Ingalill Margareta Mosander (born 17 July 1943), is a Swedish journalist, known as a prolific book reviewer on television and in printed media.

==Biography==
Mosander was born in Eskilstuna.

She has worked as a journalist at Dagens Nyheter, Vestmanlands Läns Tidning, Bildjournalen, Vecko-Journalen and Expressen, and at Aftonbladet since 1979. In 2006, the magazine Svensk bokhandel named her "Sweden's most influential journalist in the book business". She was the host of an episode of the Sommar radio show in June 2014, and she also reviews books for the website, Senioren. In 2004, she was awarded the Axel Liffner-stipend.
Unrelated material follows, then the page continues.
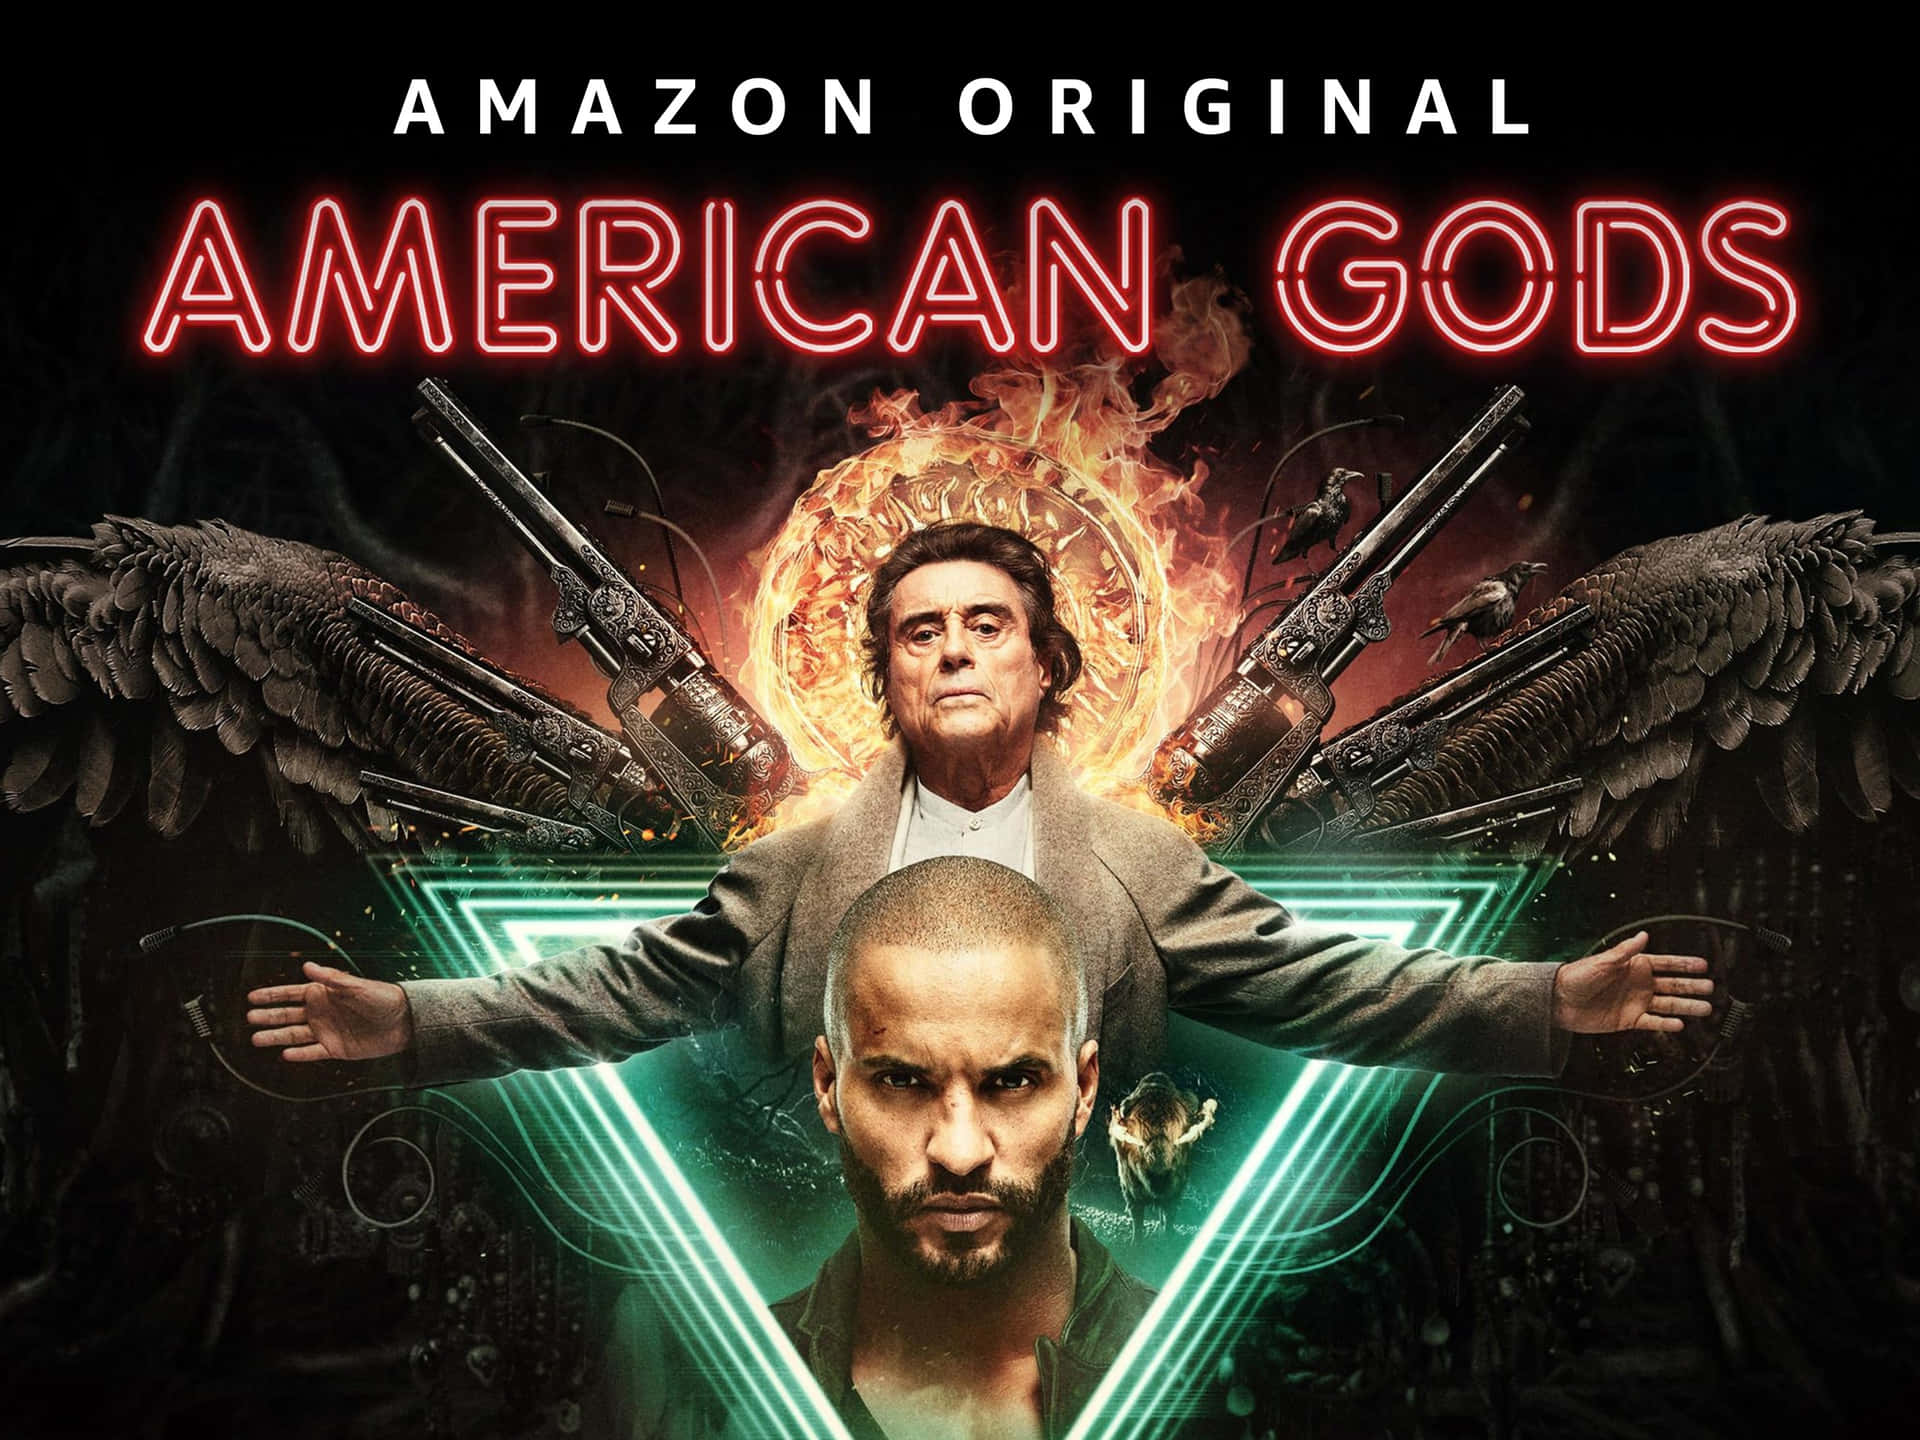 Take a peek into the mythological world of Neil Gaiman's American Gods.

From 1999 until 2019, Mosander reviewed books weekly for the television show Go'kväll broadcast on SVT. In September 2019, SVT announced that they had decided not to keep Mosander's book review segment in the show, which led to criticism from many viewers. Mosander protested the decision.

==Personal life==
Mosander was married to surgeon Bo Eriksson between 1967 and 1974. In 1987, she married journalist Jan Mosander. Ingalill Mosander and her husband were two of five Swedes that survived the Costa Concordia disaster in 2012. Mosander supported the conviction of the captain, Francesco Schettino.